- _Task brief_
All of the data must be written out verbatim, with pictures excluded.

- _Source data_
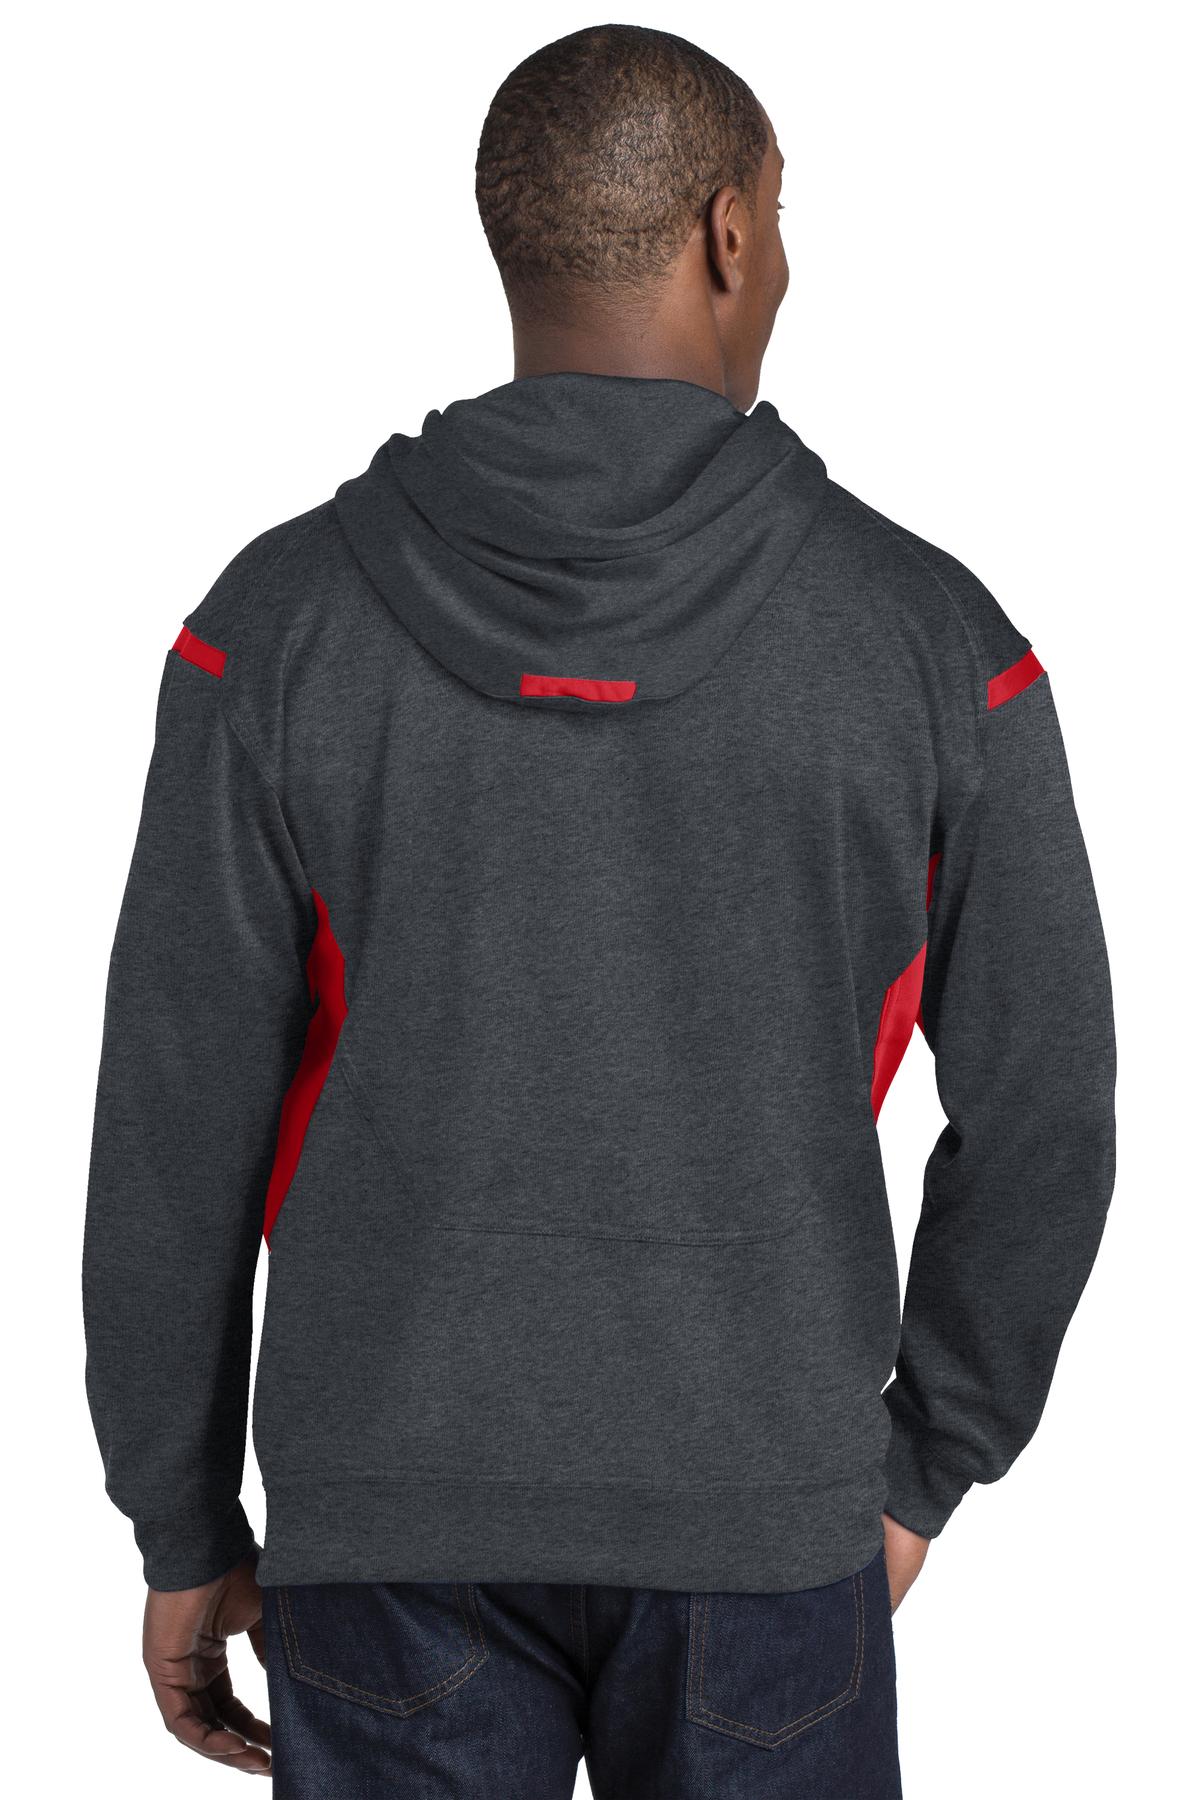 Grey Heather//True Red Sport Tek Tall Tech Fleece Hooded Sweatshirt-4XLT
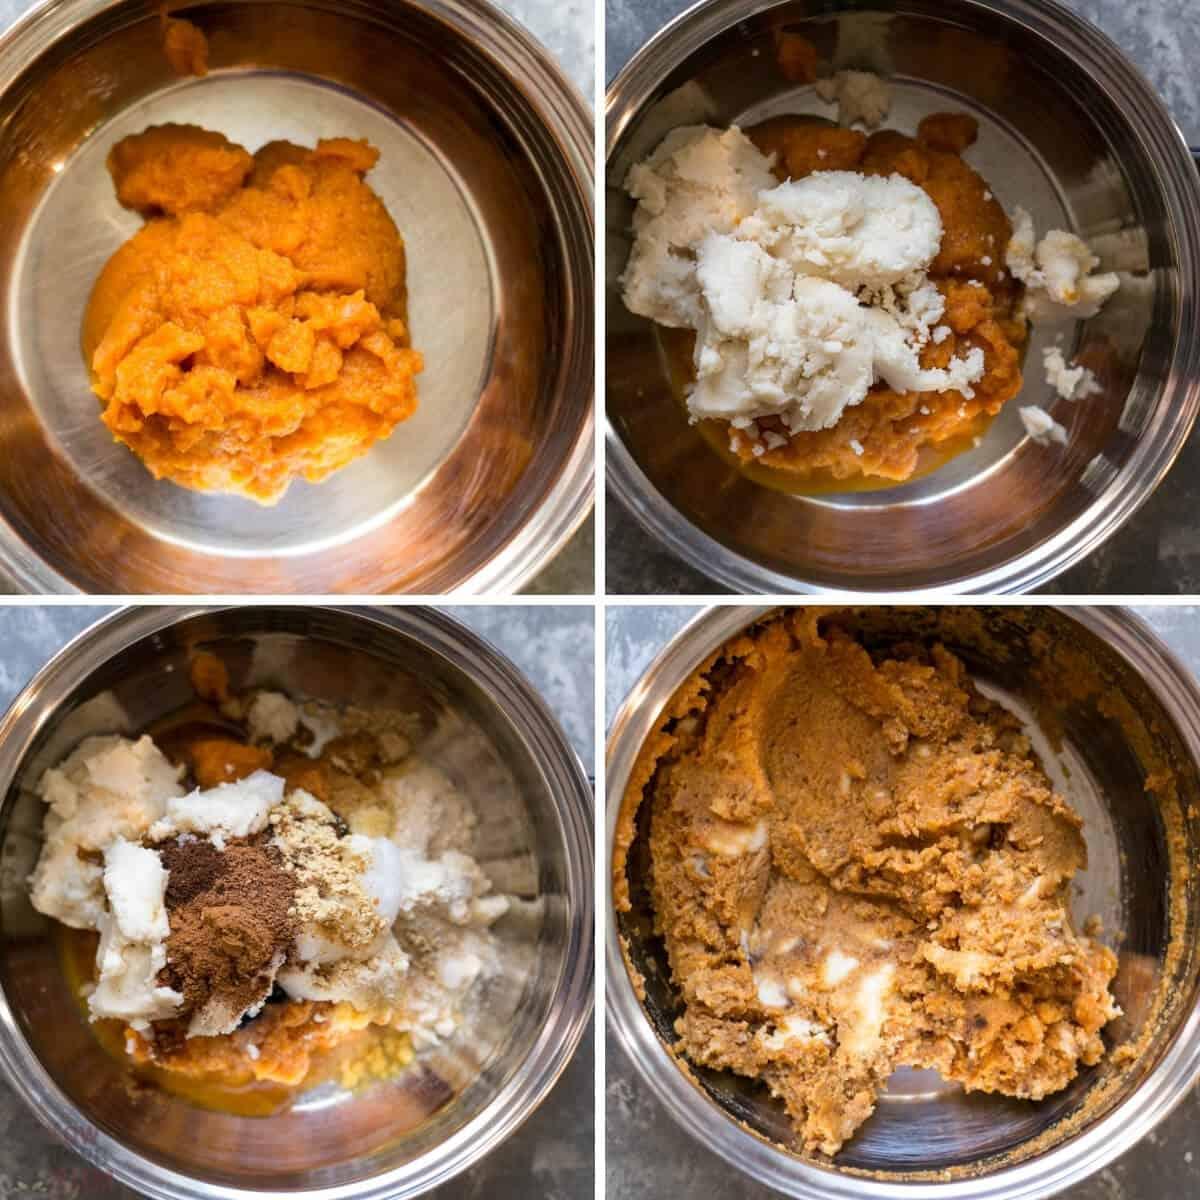 pumpkin fudge ingredients added to pan
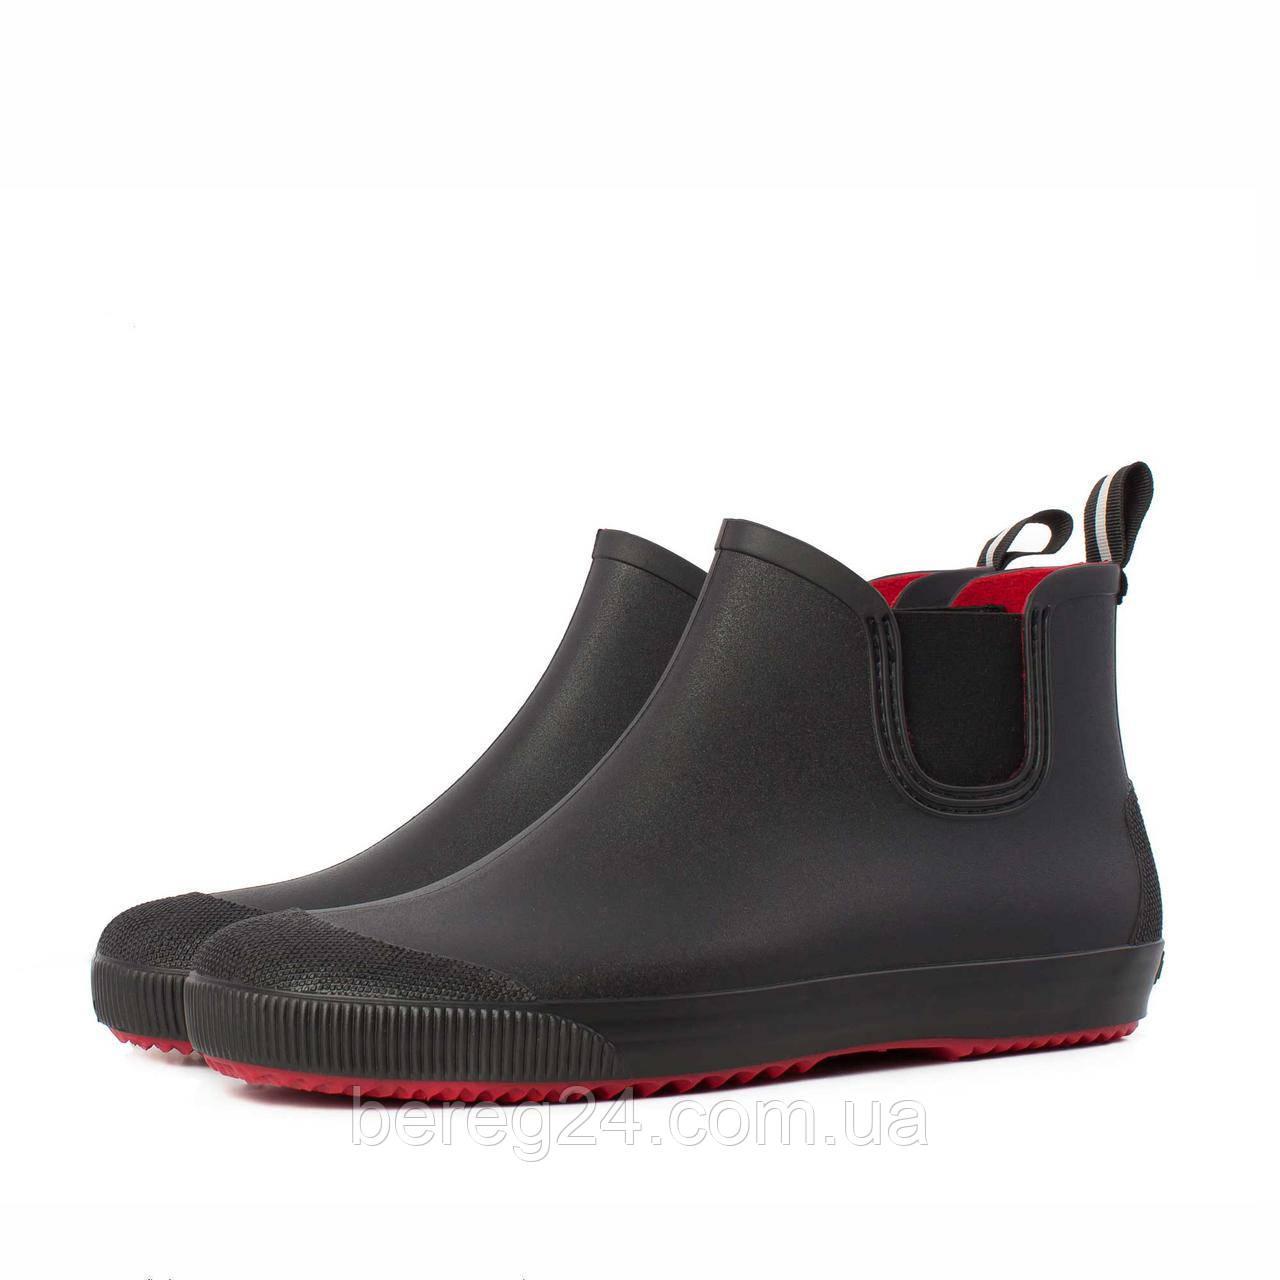 Чоловічі черевики NordMan BEAT гумові з еластичною вставкою чорні розмір 42

- _Response area_
 Grey Heather//True Red Sport Tek Tall Tech Fleece Hooded Sweatshirt-4XLT
 pumpkin fudge ingredients added to pan
 Чоловічі черевики NordMan BEAT гумові з еластичною вставкою чорні розмір 42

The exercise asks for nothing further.